Israeli Prime Minister Benjamin Netanyahu on Tuesday signed historic agreements denounced by the Palestinians with the United Arab Emirates and Bahrain, under the aegis of Donald Trump who hopes to appear as a “peacemaker” before the US presidential election.
“After decades of division and conflict, we are witnessing the dawn of a new Middle East,” said the President of the United States at a ceremony with great fanfare in the gardens of the White House .
After asserting that “five or six more Arab countries” would “very soon” follow the example of the two Gulf States, he then referred to an even more ambitious goal of “seven or eight”, “including the big ones”, Saudi Arabia “when the time comes”.
Benjamin Netanyahu considered that the deal sealed in Washington was a “turning point in history” likely to “end the Arab-Israeli conflict once and for all”.
Faced with assistance provided despite the pandemic, he was not stingy in compliments to his “friend” Donald Trump, before launching, in Arabic, to his new interlocutors: “Assalamu Alaikum”, “that peace be with you ”.
On the other hand, he remained silent on the fate of the Palestinians, who were largely absent from Tuesday, even if the ministers of the Emirates and Bahrain recalled their cause.
Welcoming “a change in the heart of the Middle East”, UAE Foreign Minister Sheikh Abdullah bin Zayed Al-Nahyan personally thanked Benjamin Netanyahu “for choosing peace and for stopping the annexation of Palestinian territories” – – even if the latter ensures that it is only a postponement.
Bahrain’s foreign minister Abdel Latif al-Zayani has clearly called for a “two-state solution” to end the Israeli-Palestinian conflict.
The Israeli Prime Minister signed bilateral agreements with the two ministers, before a joint declaration initialed by the three men and the American president. But, in the era of Covid-19, no handshake has immortalized this moment.
These two Arab countries are the first to recognize Israel from Egypt and Jordan, in 1979 and 1994.
The Emirates and Bahrain, Sunni monarchies, share with the Jewish state an animosity towards Shia Iran, Washington’s number one enemy in the region.
Many Arab oil states have quietly cultivated ties with the Israeli authorities for years, but this normalization offers rich opportunities, especially economic ones, to those countries trying to undo the ravages of the pandemic.

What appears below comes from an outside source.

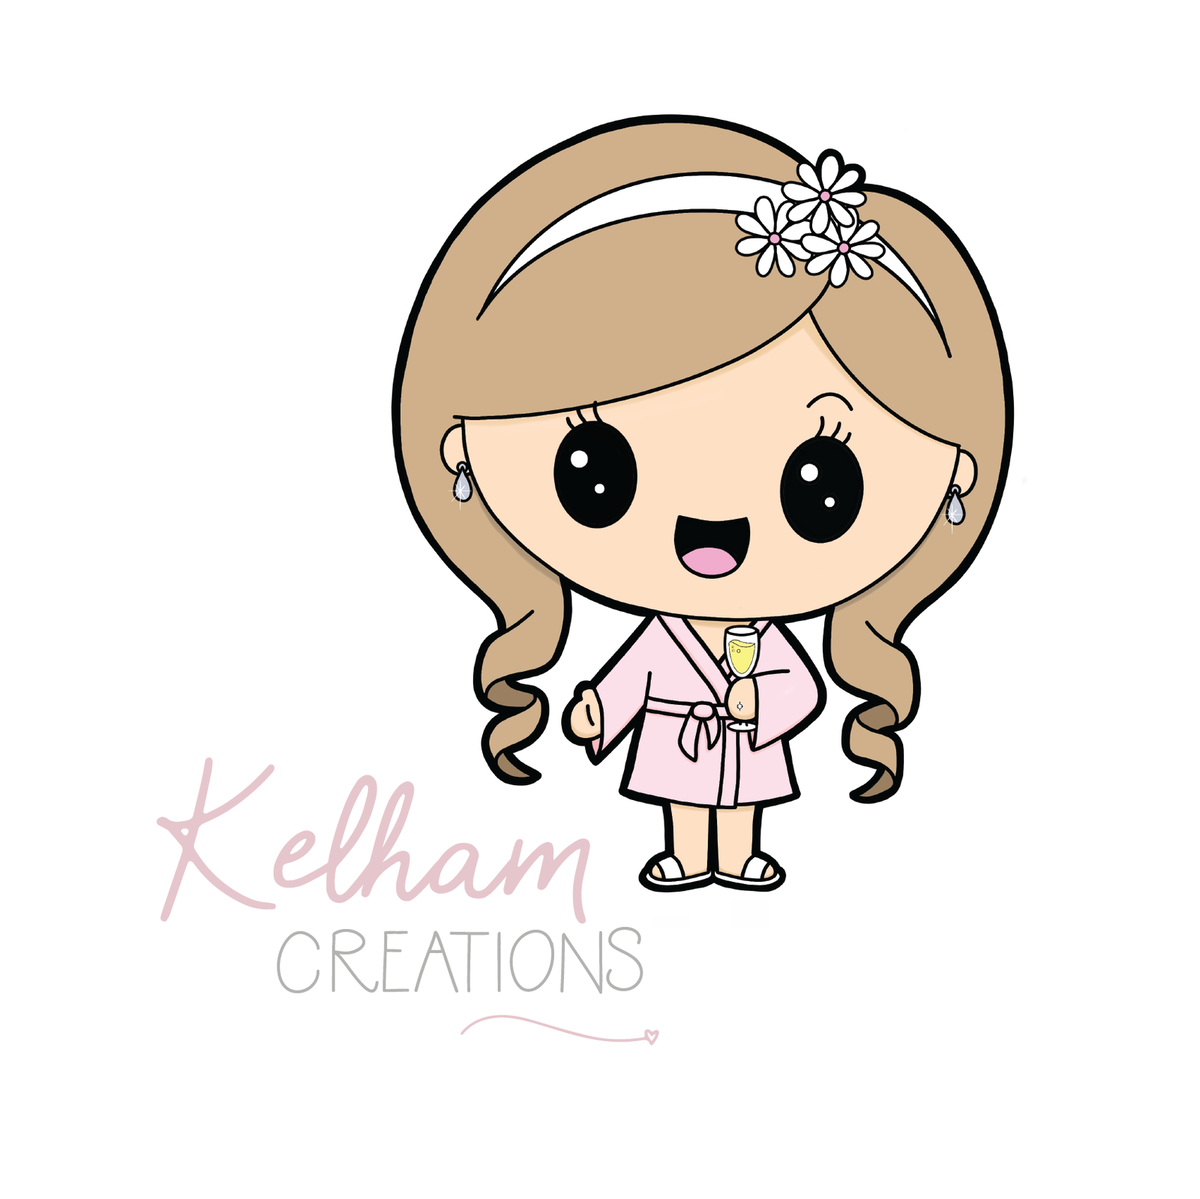 kelhamcreations

“It is a first-class achievement”, assures David Makovsky of the Washington Institute for Near East Policy, while stressing that it “does not imply the same risk-taking” for the Israelis as that accepted by Menachem Begin, ” when he left Sinai ”to Egypt, or Yitzhak Rabin, when he negotiated with the Palestinian Yasser Arafat.
The “vision for peace” presented in January by Donald Trump, which aimed to end the Israeli-Palestinian conflict, is far from successful: the Palestinian Authority has rejected it outright and denies the US President it. very role of mediator since he chained the decisions favorable to Israel.

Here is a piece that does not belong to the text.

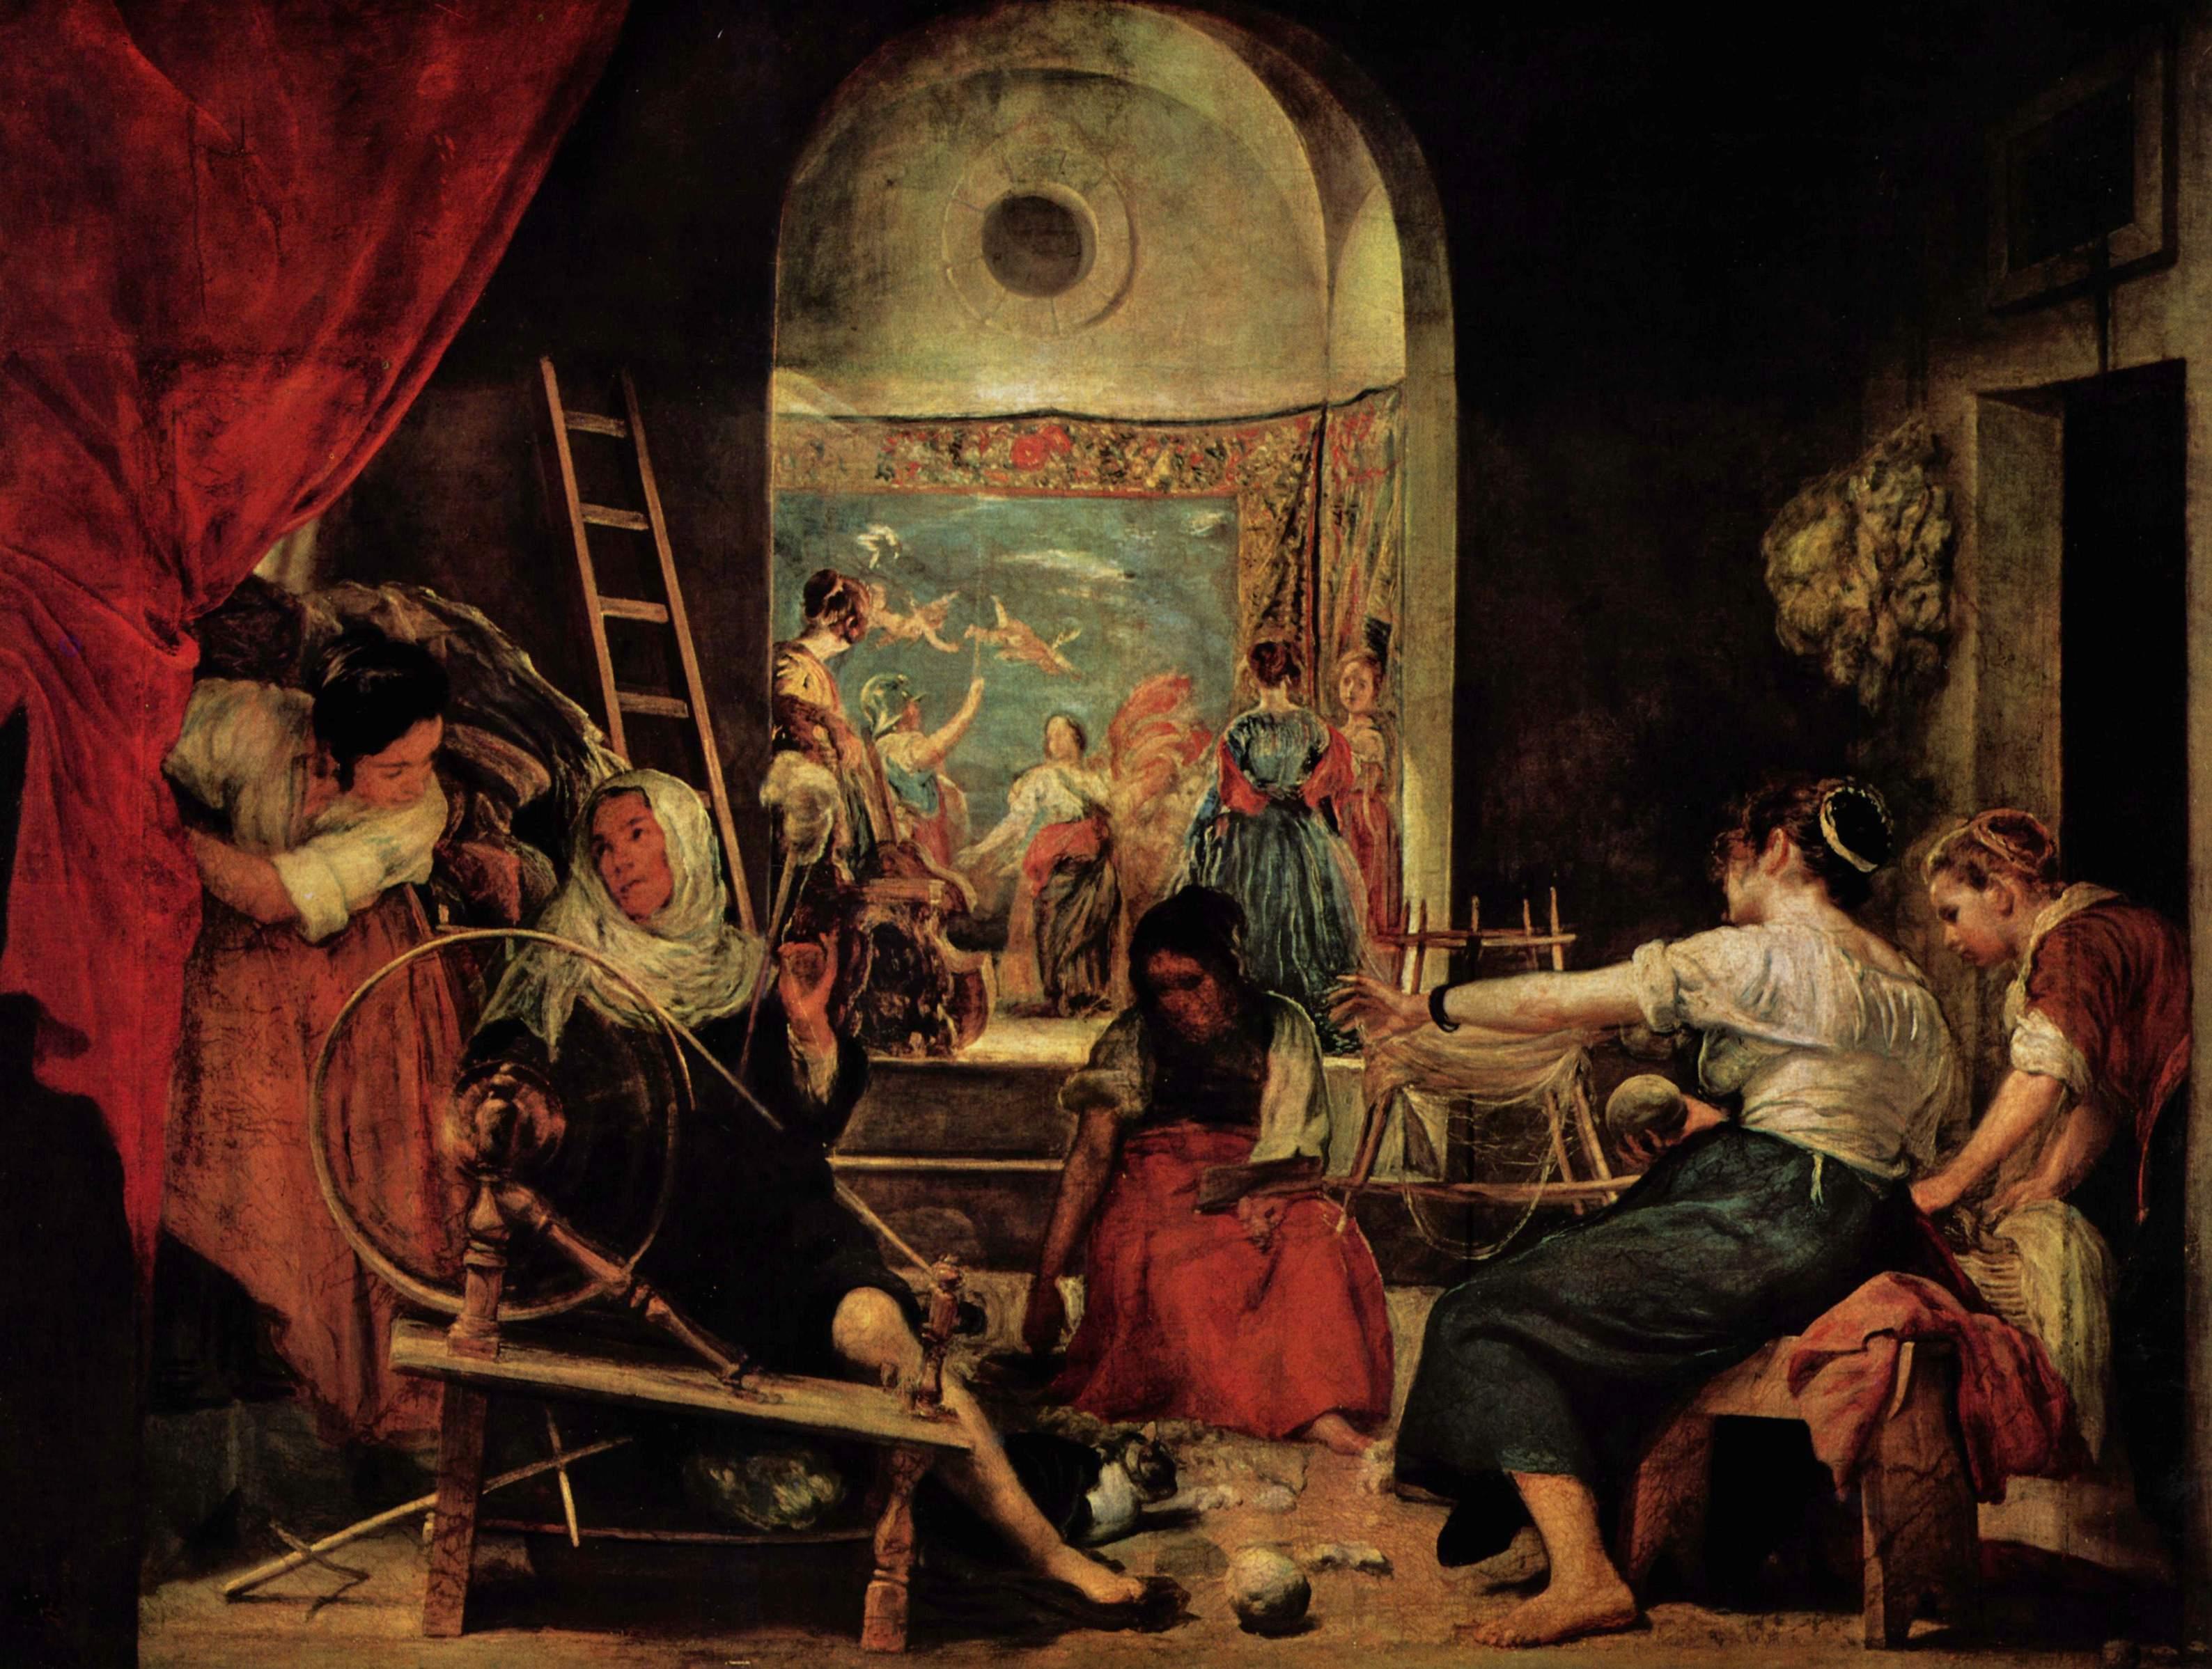 La fábula de Aracne. Velázquez. Museo del Prado. Imagen de Wikimedia Commons.

“There will be no peace, security or stability for anyone in the region without the end of the occupation and respect for the full rights of the Palestinian people,” Palestinian President Mahmoud Abbas warned on Tuesday.
The Palestinians denounce a “stab in the back” from these countries accused of making a pact with the Hebrew state without waiting for the birth of their state. A few dozen Palestinian activists demonstrated outside the White House during the ceremony.
The Trump administration has always said it wants to shake up the region by bringing Israel closer to its Arab neighbors in a kind of sacred union against Iran. These agreements outline this change of era and seem to relegate the Palestinian question to the background, as the White House hoped.
The Emirati Minister of State for Foreign Affairs, Anwar Gargash, assured that a “strategic breakthrough” was needed, because the “Arab approach of not having contact with Israel” had “not served the aspirations of the Palestinian people ”.
According to David Makovsky, “this is no longer daddy’s Middle East, it’s a new region” where, extraordinary fact, the Arab League refused to condemn the decision of the two Gulf monarchies.
“The Palestinians will wait to see what happens in the American election, but when the dust settles, they will have to rethink their position,” said this ex-American diplomat.
For Donald Trump, who is seeking a second term in seven weeks and so far had little diplomatic progress to present to voters, it is a recognized success even among his Democratic opponents.
Since the announcement on August 13 of the Israeli-Emirati agreement, followed last week by that concerning Bahrain, the camp of the Republican billionaire does not skimp on superlatives to praise his action, worthy of the Nobel Prize winner to believe. the peace.
However, differences have already emerged on the conditions surrounding the agreement with the Emirates.
The American president thus assured Tuesday that he would have “no problem” to sell American fighter planes F-35 in the United Arab Emirates, which wants to acquire some for a long time.
However, Benjamin Netanyahu firmly opposes this sale, to preserve the military superiority of his country in the region.